I’m very happy! The songs have been with me for a long time so it feels so nice to share them now.
How was it to actually start working on all of the songs with someone else?
So amazing! Noah [Georgeson] was the first person I truly collaborated with, so it was an exciting journey together. And I had been a fan of his since I was ten. He brought a certain warmth to the record and helped me find the right mix of my youth and transition to adulthood.
In contrast to its title, your album has a very bittersweet and melancholic sound.
On the surface the songs may seem sad, but that’s not the message I am trying to give the listener. I think although I kind of felt such things at the time, it was like the album was advice to myself. The message is that underneath everything, there is always truth, and even the sadness can be beautiful. But the next album will be more nuanced, I promise!
Have you ever felt treated differently than other artists because you’re so damn young?
At first, yes. I was 17 when I was meeting with managers and trying to chose one of them. I put my music online from a very young age, and they didn’t get this. I am so lucky to have found the best manager and my record label, Glassnote. They allow me to be me, as it should be in this industry. Sadly that isn’t always the case.
I feel like you’re kind of skipped the “making mistakes” part of your youth.

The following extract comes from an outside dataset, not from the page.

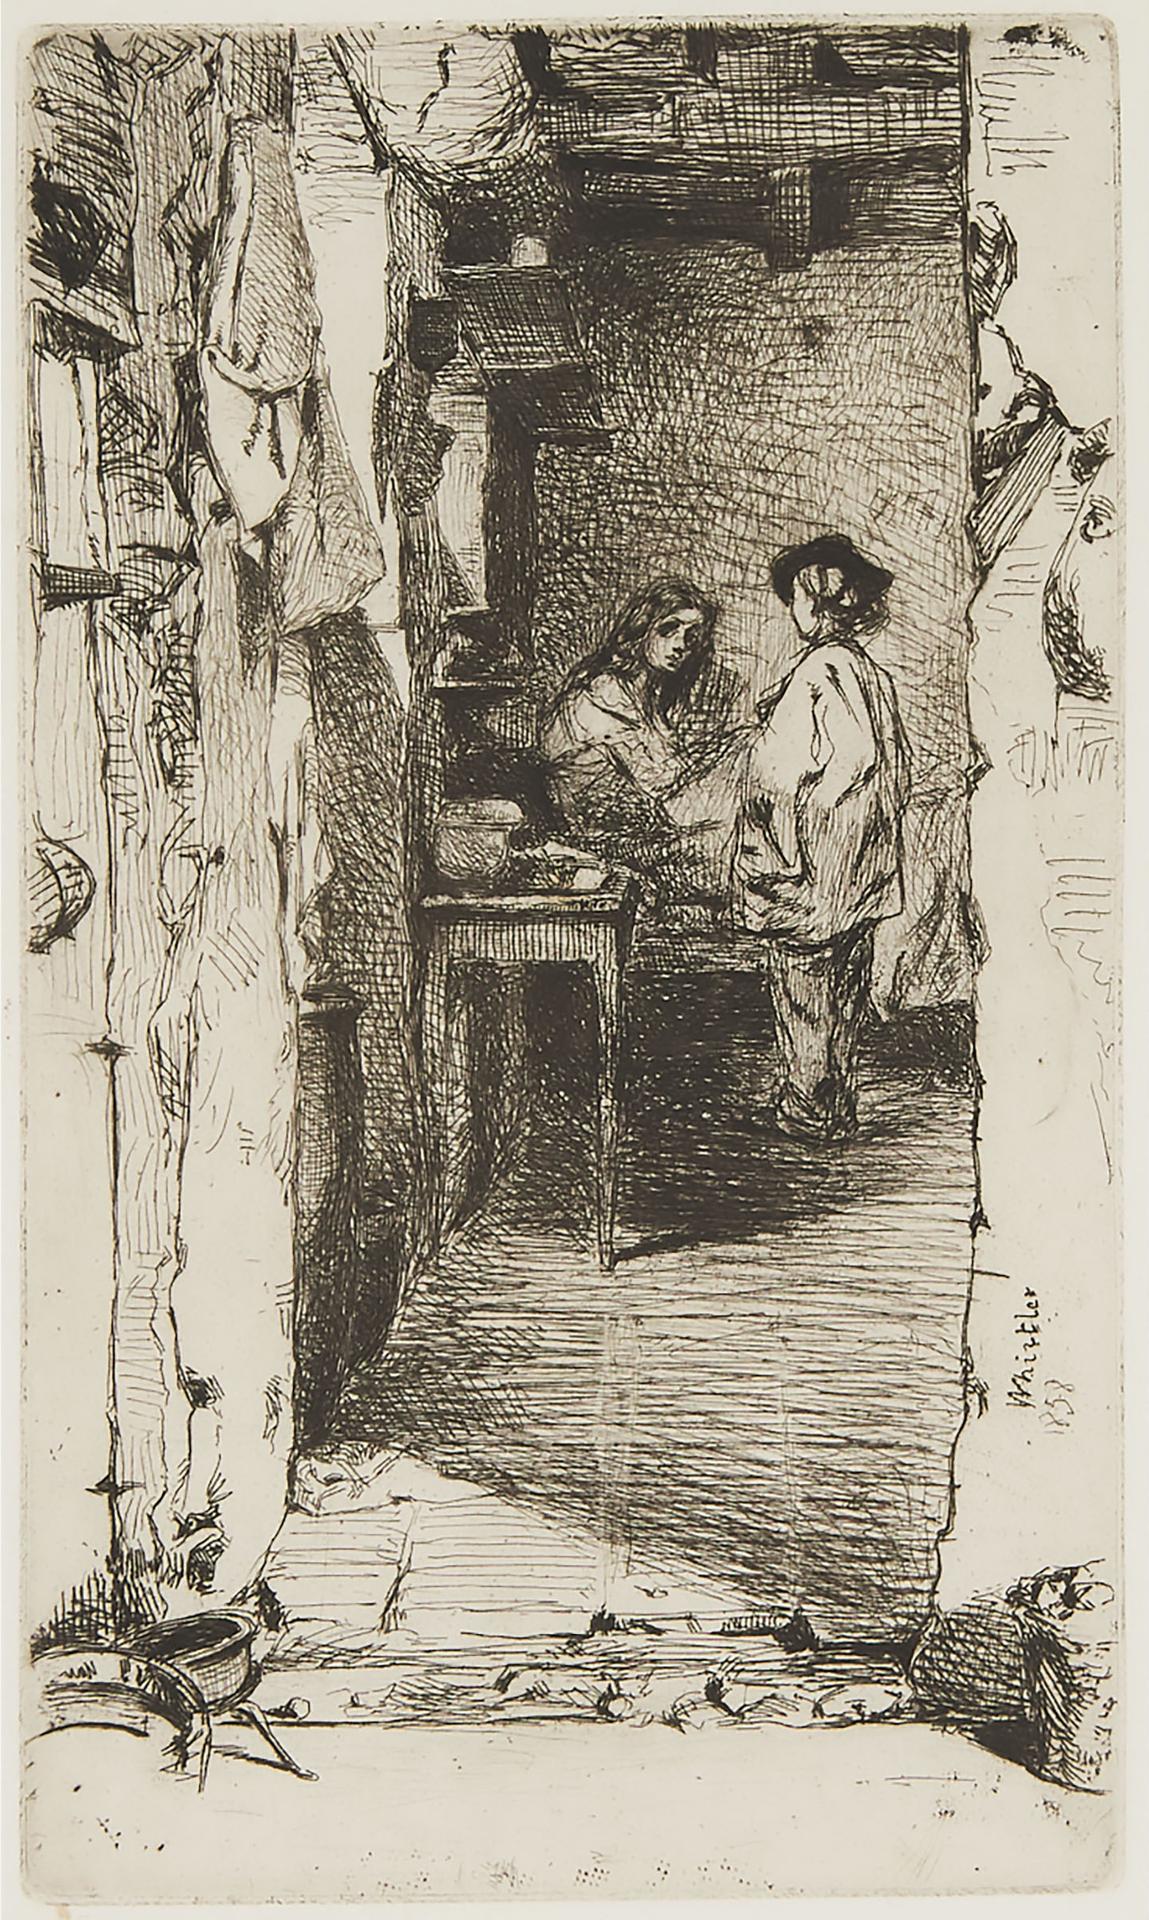 James Abbott McNeill Whistler (1834-1903) - The Rag Gatherers, 1858 [kennedy, 23v; Glasgow, 29]

Is this partly caused by growing up with so many younger siblings?
I’m not sure, but I like that analogy. I guess it’s just the way I was made – I never felt compelled to rebel or test things too much. I’m quite serious, sometimes too much, but I feel I’m starting to balance youthfulness and maturity as I grow. That may seem strange, but makes sense to me.
You say you’re very close to your parents. If you felt the need to rebel in a year from now, would you to turn into a goth, a rapper or a synth pop starlet?

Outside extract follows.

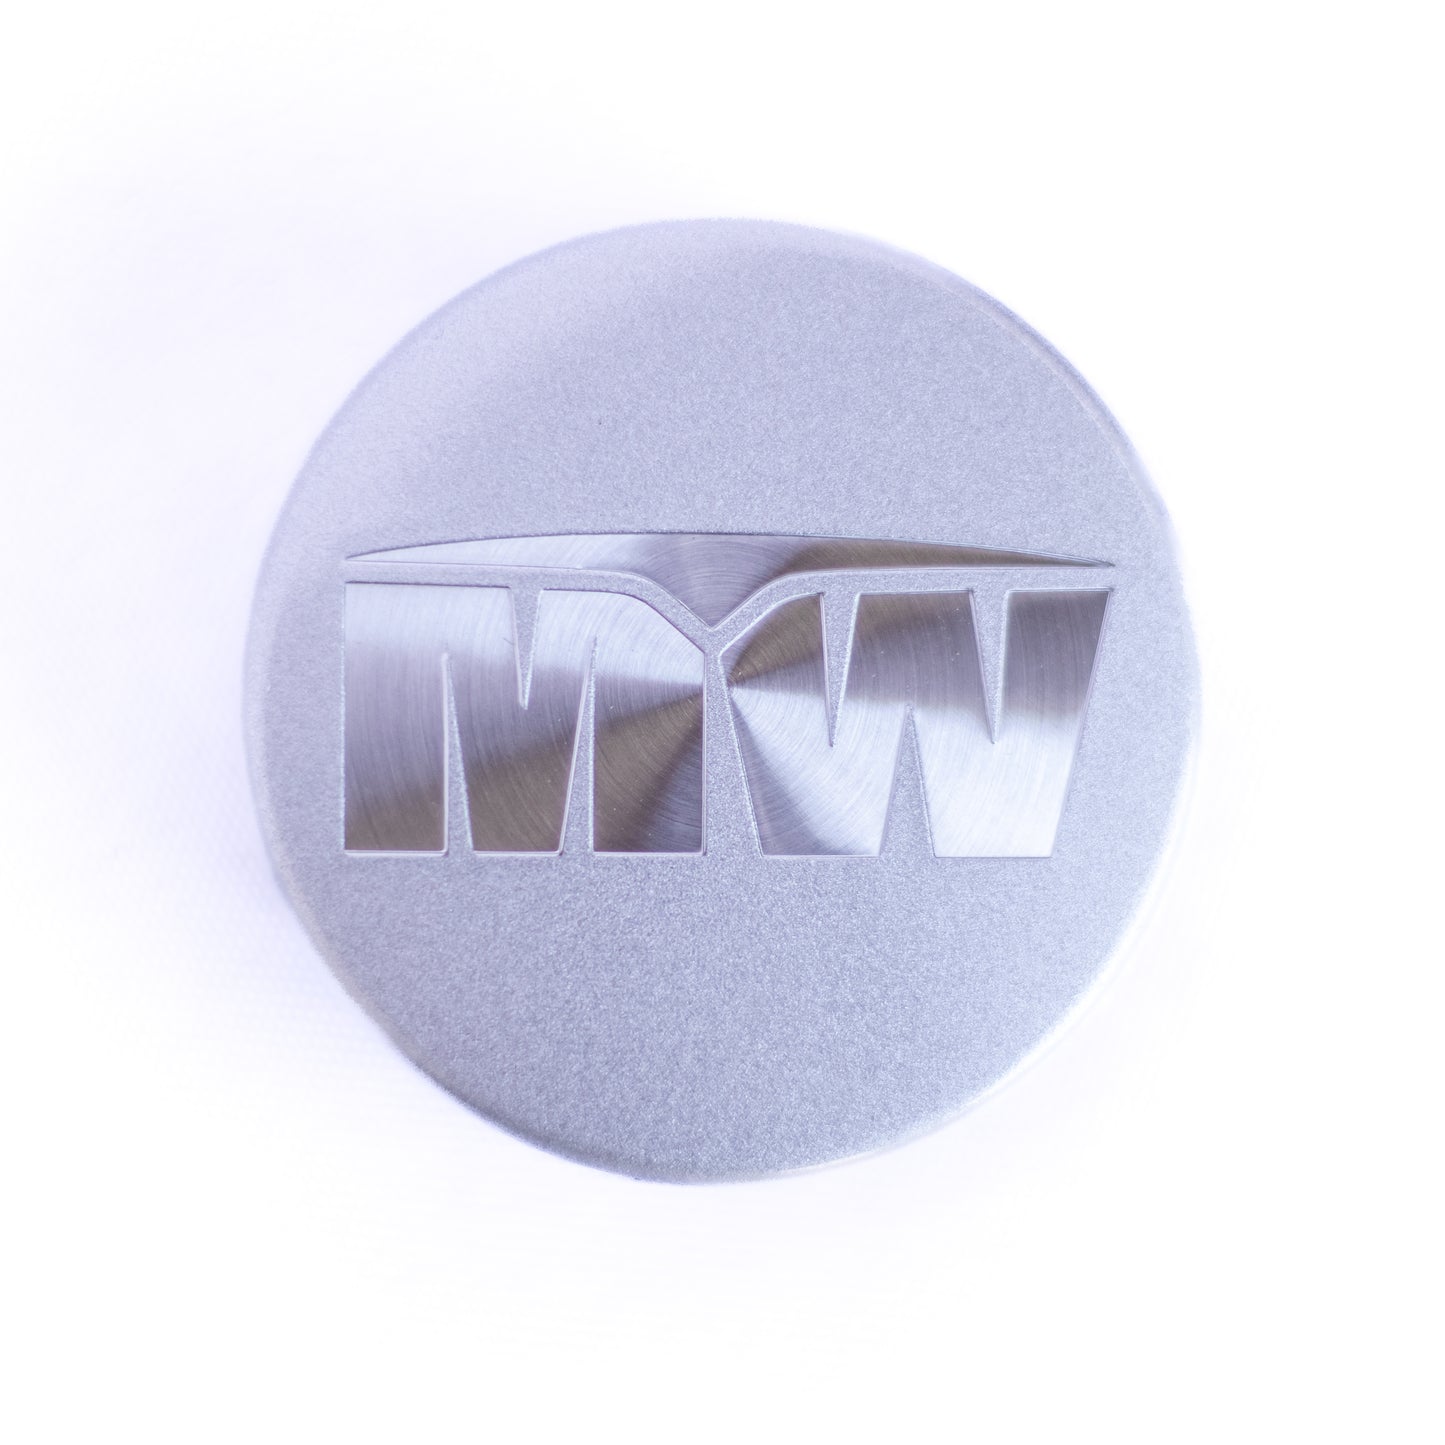 Capuchon central - Logo MW en aluminium brossé (simple)

[laughs] I don’t think they would be angry if I did that! More like confused! I am lucky that they trust me, and anything I do, they try to let me see it through.
Who are your musical heroes?
To name a few: Bob Dylan, Billie Holiday, Jeff Buckley, Antony and the Johnsons, John Lennon, Neil Young and Francoise Hardy.

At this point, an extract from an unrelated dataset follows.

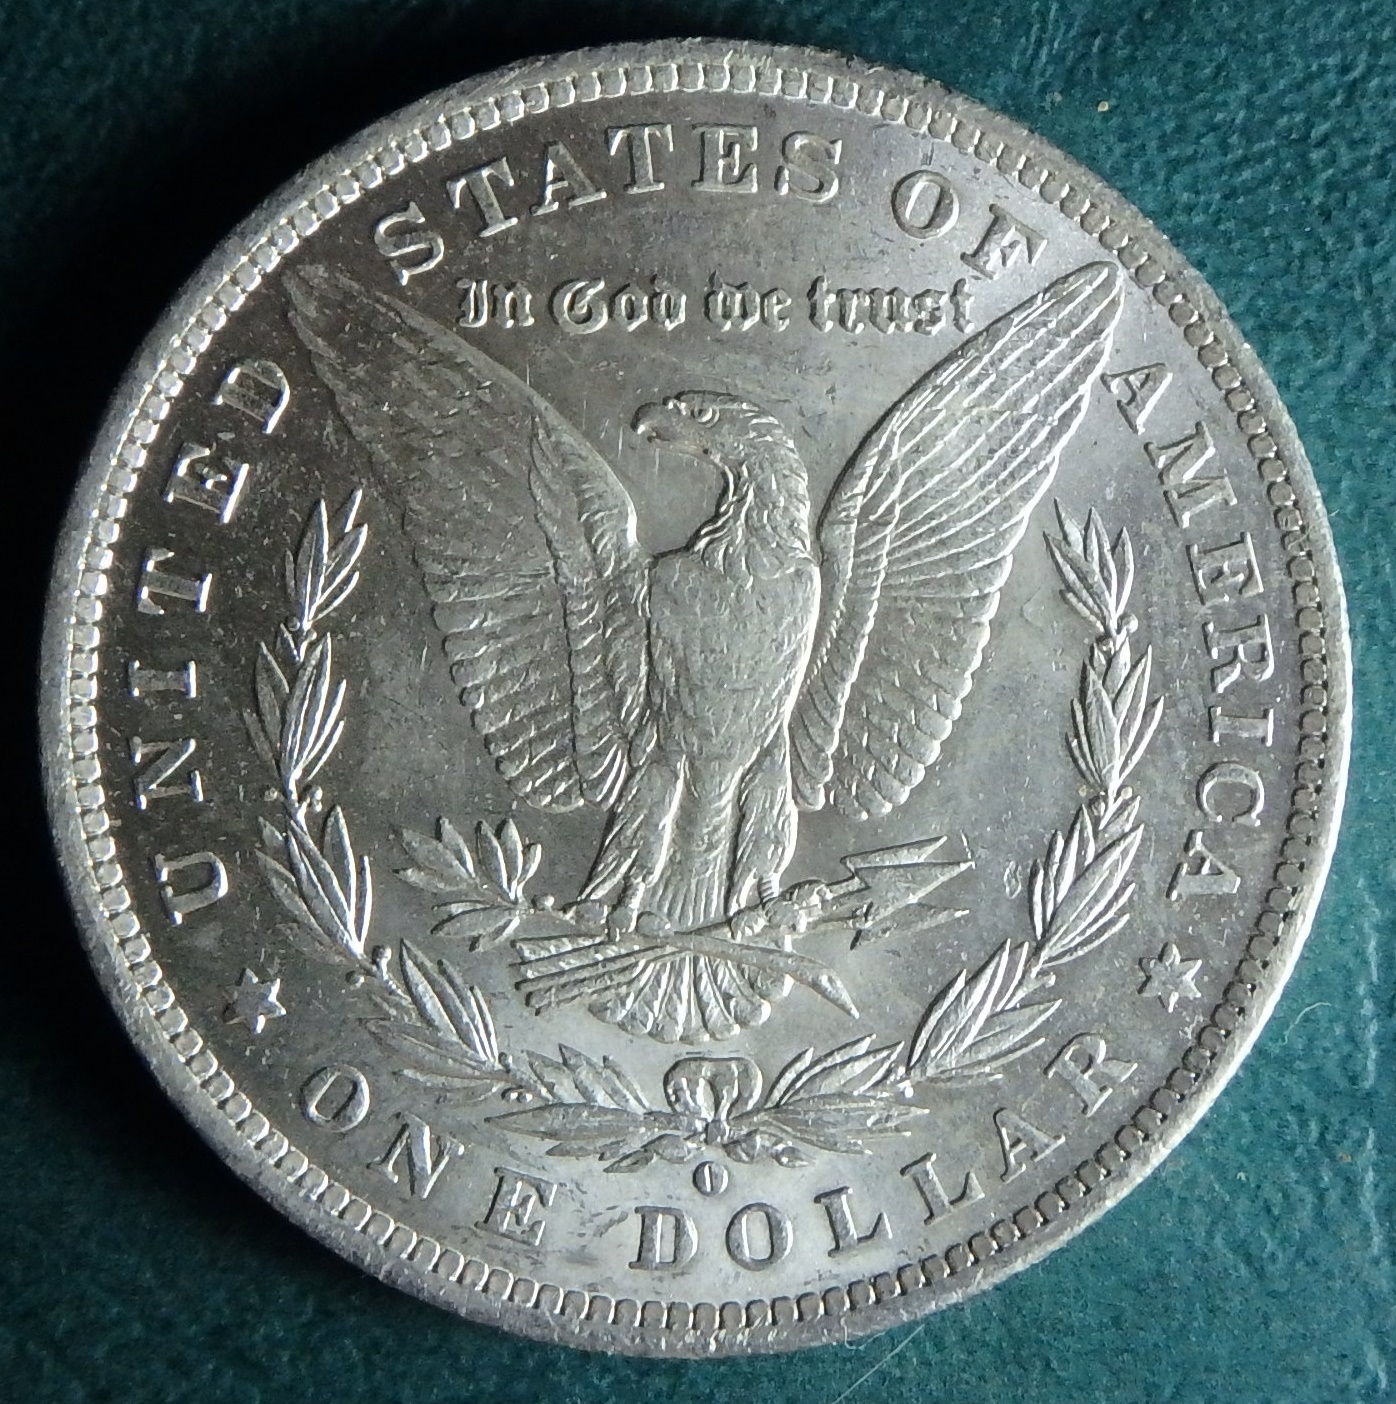 1884 O US 1 dol rev.JPG

Would you have preferred to spend your youth in the ’60s?
No, although it’d be nice to time travel back there for a few nights, I think we have so much in this age. And there were troubles back then, too, despite the whole new age scene and free spirits. But that time definitely inspires me and I feel I can use it to compliment my time now.
How do you react if someone wants to take you to a techno club?
Ha! It’s never really happened. I’d have probably found an excuse to say no. But now I’m tempted, so I’ll be waiting for that knock on my door.
They say you have all your life to write your first album, but only about 2-3 years for your second one. How do you feel about this?
I’m looking forward to it. I feel that by letting go of the first album, part of me will have been set free, so there will be room for new things to come.
Are you looking forward to touring and showing your music to the world?
Yes! I just got off a tour with Tobias Jesso Jr. and had a terrific time. I’m seeing the songs in a new light when I share them with others and they hear them for the first time. It can be moving, and I think connecting with people is what I’m enjoying more than anything.